In totalitarian regimes, dissidents are often punished with lengthy prison terms, execution, economic deprivation, or confiscation of their property.

2. A person who is characterized by departing from accepted beliefs or standards: Political dissidents primarily use non-violent means of political disagreement, including voicing criticism of the government or a dominating ideology; but dissidents can also attempt to displace or overthrow the established government by achieving popular support and inciting a revolution or a rebellion.
3. Etymology: From Latin dissidentem and dissidere, "to be remote, to disagree, to be removed from"; "to sit apart"; derived from dis-, "apart" + sedere, "to sit".
dissidently (adverb), more dissidently, most dissidently
1. A reference to or characterized by someone who departs from accepted beliefs or standards.
3. Relating to anyone who disagrees; especially, with a majority.
dissimilar (adjective), more dissimilar, most dissimilar
1. Differing in one or more respects; not alike.
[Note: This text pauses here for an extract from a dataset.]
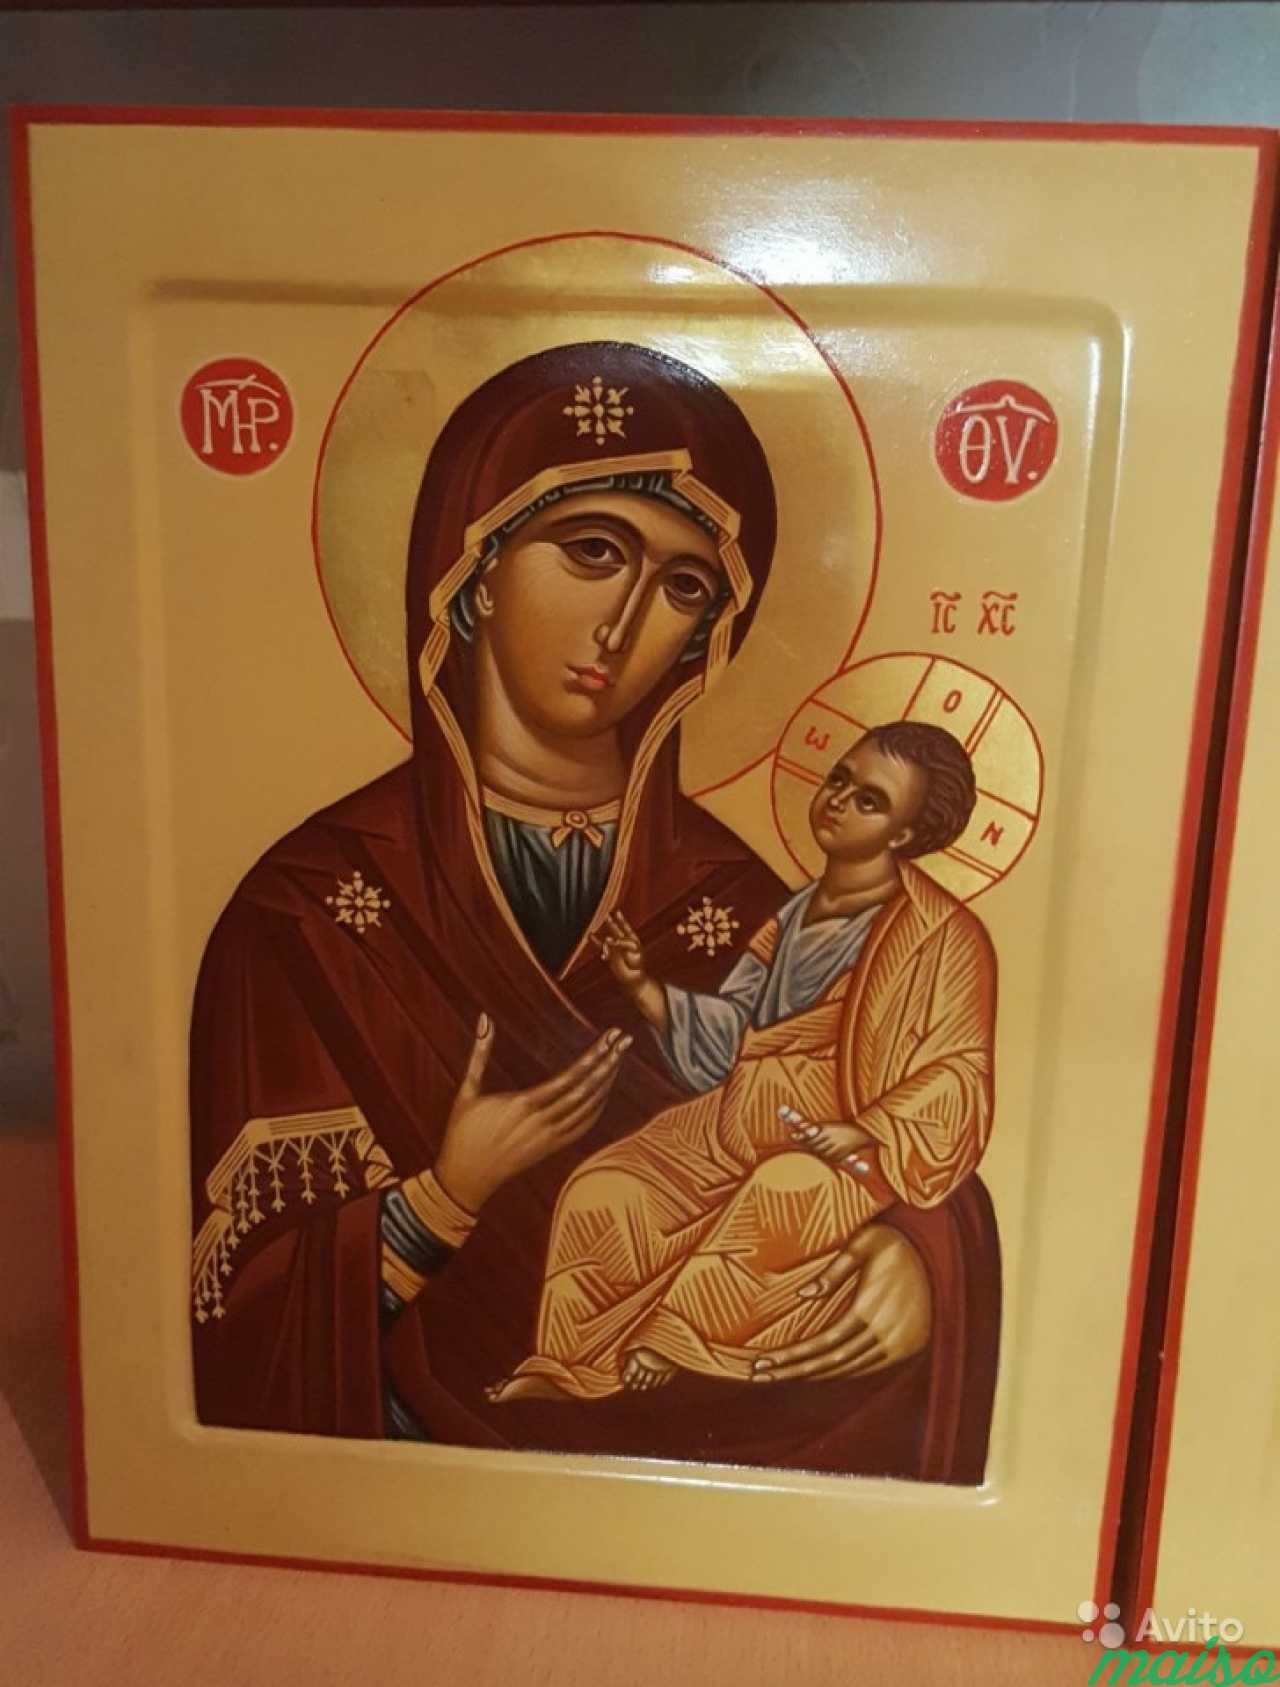 Рукописная Икона на заказ, и продажа готовых икон в Санкт-Петербурге. Фото 7

2. Characteristic of being different.
dissimilarity (s) (noun), dissimilarities (pl)
1. The fact, or state, of being different in one or more respects.
2. A point of difference or distinction.
dissimilarly (adverb), more dissimilarly, most dissimilarly
In a dissimilar manner or in a varied style.
dissimilate (verb), dissimilates; dissimilated; dissimilating
To make or to cause someone or something to become different from others.
dissimilitude (dis" uh MIL i tood", dis" uh MIL i tyood") (s) (noun), dissimilitudes (pl)
A condition or quality of differing in one or more respects from someone or something else: Although the girls were twins, the dissimilitude between them was astonishing because they were unlike in many ways; including their hair color, their noses, and their mannerisms!